For the foregoing reasons, we dismiss without prejudice Ramos's claim for ineffective assistance of counsel at sentencing. The judgment of conviction is in all other respects AFFIRMED.
1. Ramos was sentenced under the name “Jose Argueta.”
2. The Immigration and Naturalization Service “ceased to exist on March 1, 2003, and its functions were transferred to the Department of Homeland Security.” Zhang v. Holder, 617 F.3d 650, 653 n. 1 (2d Cir.2010). The change is immaterial to the disposition of this case.
3. See also United States v. McCann, 366 F.3d 46, 58 & n. 14 (1st Cir.2004) (noting that “the purposes underlying [§ 4A1.1], as expressed in the Introductory Comments to the criminal history section, [do not] support [the] assertion” that “a defendant's subjective knowledge concerning the sentence he is serving is at all relevant to the determination of his criminal history”), judgment vacated on other grounds by 543 U.S. 1104, 125 S.Ct. 986, 160 L.Ed.2d 1017 (2005).

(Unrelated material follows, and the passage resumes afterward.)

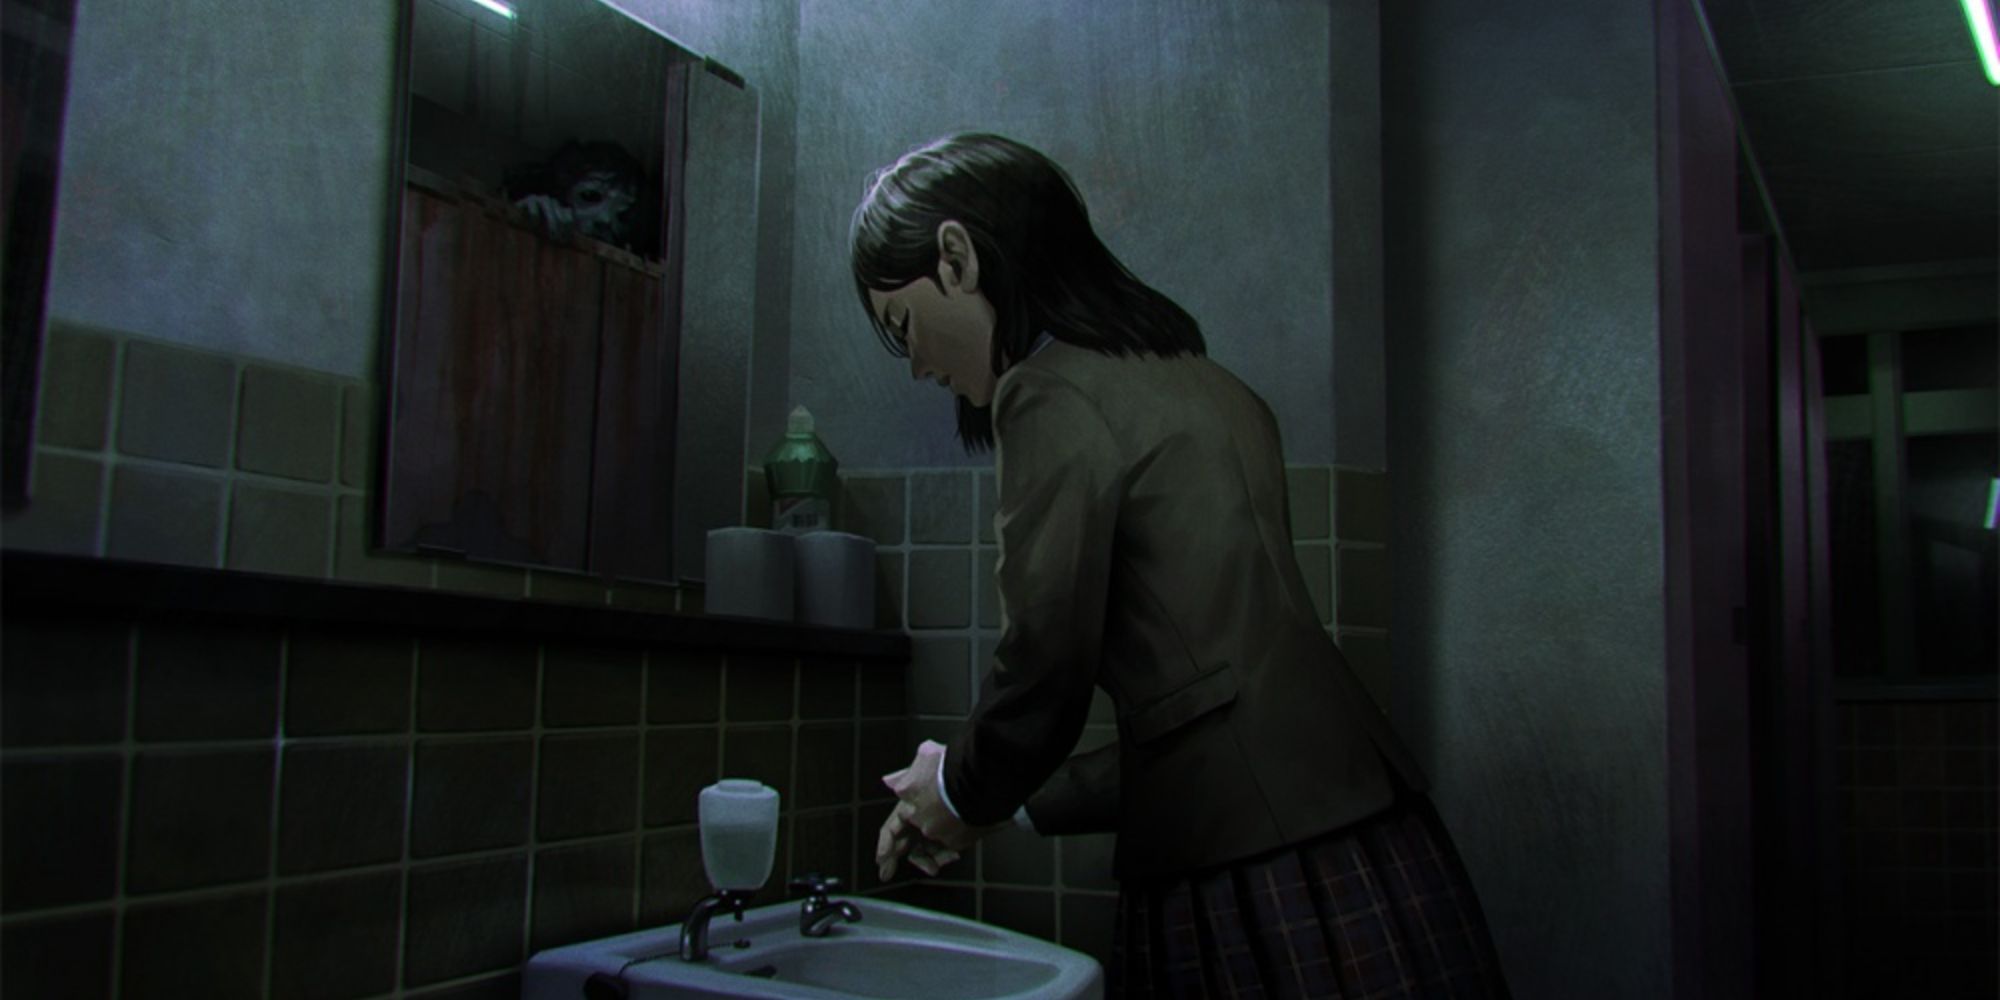 A girl washes her hands while a ghost watches from the reflection on the mirror

4. Ramos's counsel contended at oral argument, for the first time, that the two-point increase in his criminal history in the circumstances of this case violated his due process rights. Ramos waived this argument by failing to include it in his briefing to this Court, and we therefore decline to consider it. See Norton v. Sam's Club, 145 F.3d 114, 117 (2d Cir.1998) (“Issues not sufficiently argued in the briefs are considered waived and normally will not be addressed on appeal.”).